Darum gehts
- BMW präsentiert überarbeiteten 7er und i7 fürs Modelljahr 2027
- Frontdesign betont Prestige, Innenraum erhält Panoramic-Display
- Elektrischer i7 bietet bis zu 680 PS und 720 Kilometer Reichweite
Die Zeiten filigraner Formen sind – markenübergreifend und insbesondere in der Luxusklasse – weitgehend vorbei. Stattdessen wird optisch vor allem auf den Geschmack der Kunden in Asien und in den USA eingegangen. Das zeigt sich auch beim neuen BMW 7er und seinem elektrischen Pendant, dem BMW i7.

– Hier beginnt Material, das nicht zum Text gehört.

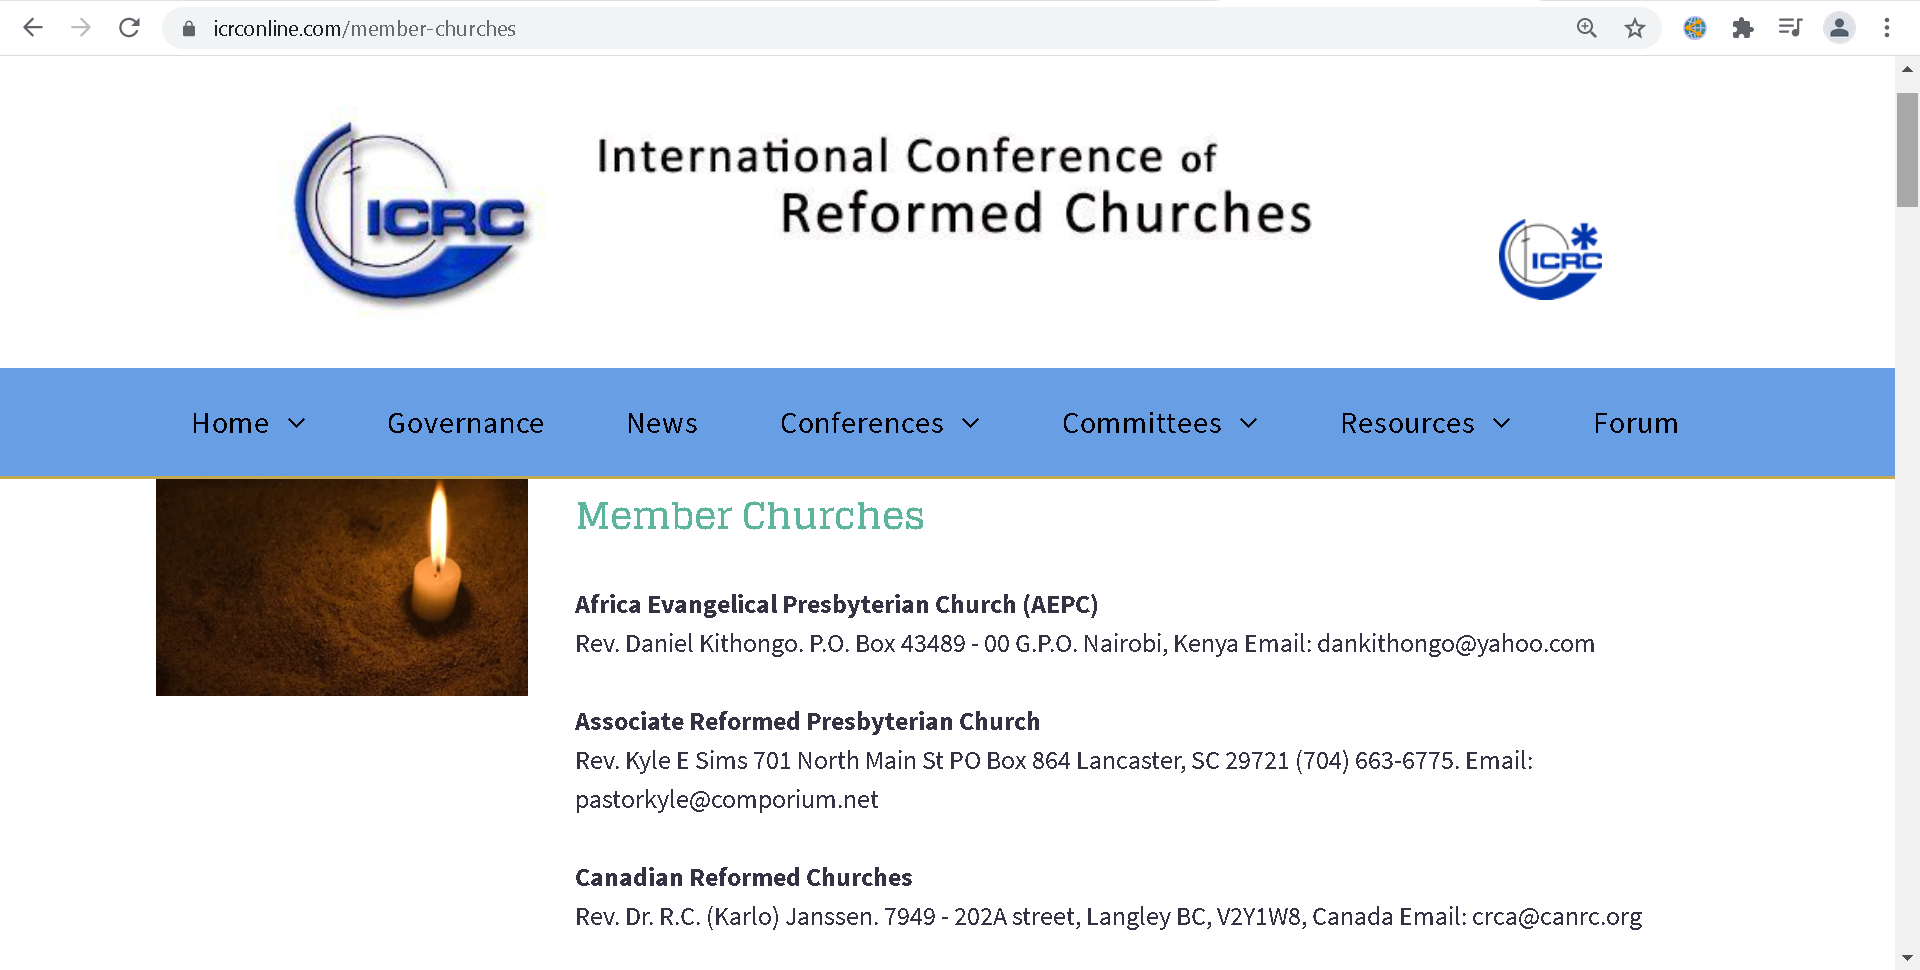 International Conference of Reformed Churches 2021

Während die Flanken des neuen Modelljahrgangs 2027 nur behutsam überarbeitet wurden, setzt die Front auf maximale Präsenz: Ein wuchtiger Kühler und noch stärker getrennte Lichtelemente sorgen für einen extrem polarisierenden, aber zweifellos prestigeträchtigen Auftritt. Das Heck wurde zwar nur leicht angepasst, nähert sich optisch so aber der Designsprache der «Neuen Klasse» und den Modellen iX3 und i3 an.
Das Wettbewerbsumfeld für die stattliche Limousine wird langsam überschaubar, nachdem sich Audi mit dem A8 überraschend aus der Luxusklasse verabschiedet hat. So stehen dem 7er/i7 im Wesentlichen nur noch die Mercedes S-Klasse sowie der elektrische EQS gegenüber.
Antriebswahl bleibt gross
BMWs Strategie bleibt klar und konsequent: verschiedene Antriebsarten, ein einheitliches Erscheinungsbild. Ob Plug-in-Hybrid, effizienter Diesel oder vollelektrischer i7 – die Wahl liegt beim Kunden. Den Einstieg markiert der BMW 740 xDrive mit 400 Verbrenner-PS (in Deutschland ab 117'900 Euro, umgerechnet ca. 108'200 Franken), während die elektrischen i7-Modelle je nach Leistungsstufe bis 680 PS bieten und preislich bis 182'400 Euro (ca. 167'400 Fr.) reichen. Schweizer Preise sind leider zurzeit offiziell noch nicht bekannt.
Für Europa (und die Schweiz) weiterhin relevant ist natürlich der 740d xDrive mit 313 PS und 4x4, ergänzt durch zwei weitere Plug-in-Hybride mit bis zu 612 PS und elektrischen Reichweiten von bis zu 82 Kilometern. Trotz 400-Volt-Technik liegt die Ladeleistung neu bei bis zu 250 kW, die Reichweite bei rund 720 Kilometern.
Komplett neues Cockpit
Im Innenraum geht BMW neue Wege. Die klassische Cockpitstruktur weicht dem sogenannten Panoramic-Display, bekannt aus der «Neuen Klasse» und dem iX3. In Kombination mit dem neu gestalteten Lenkrad bleibt die Bedienung Geschmackssache, zumal viele Funktionen über Sprache oder den 17,9-Zoll-Zentralbildschirm gesteuert werden. Neu gibts ein zusätzliches 14,6-Zoll-Display für den Beifahrer. Dafür wurde die zuvor verfügbare Level-3-Automatisierung gestrichen – wie schon bei Mercedes – und durch ein Level-2+-System ersetzt. Die Produktion startet bereits Ende Mai, ab dann kann auch bestellt werden. Die ersten Fahrzeuge dürften im Juli zu den Händlern rollen.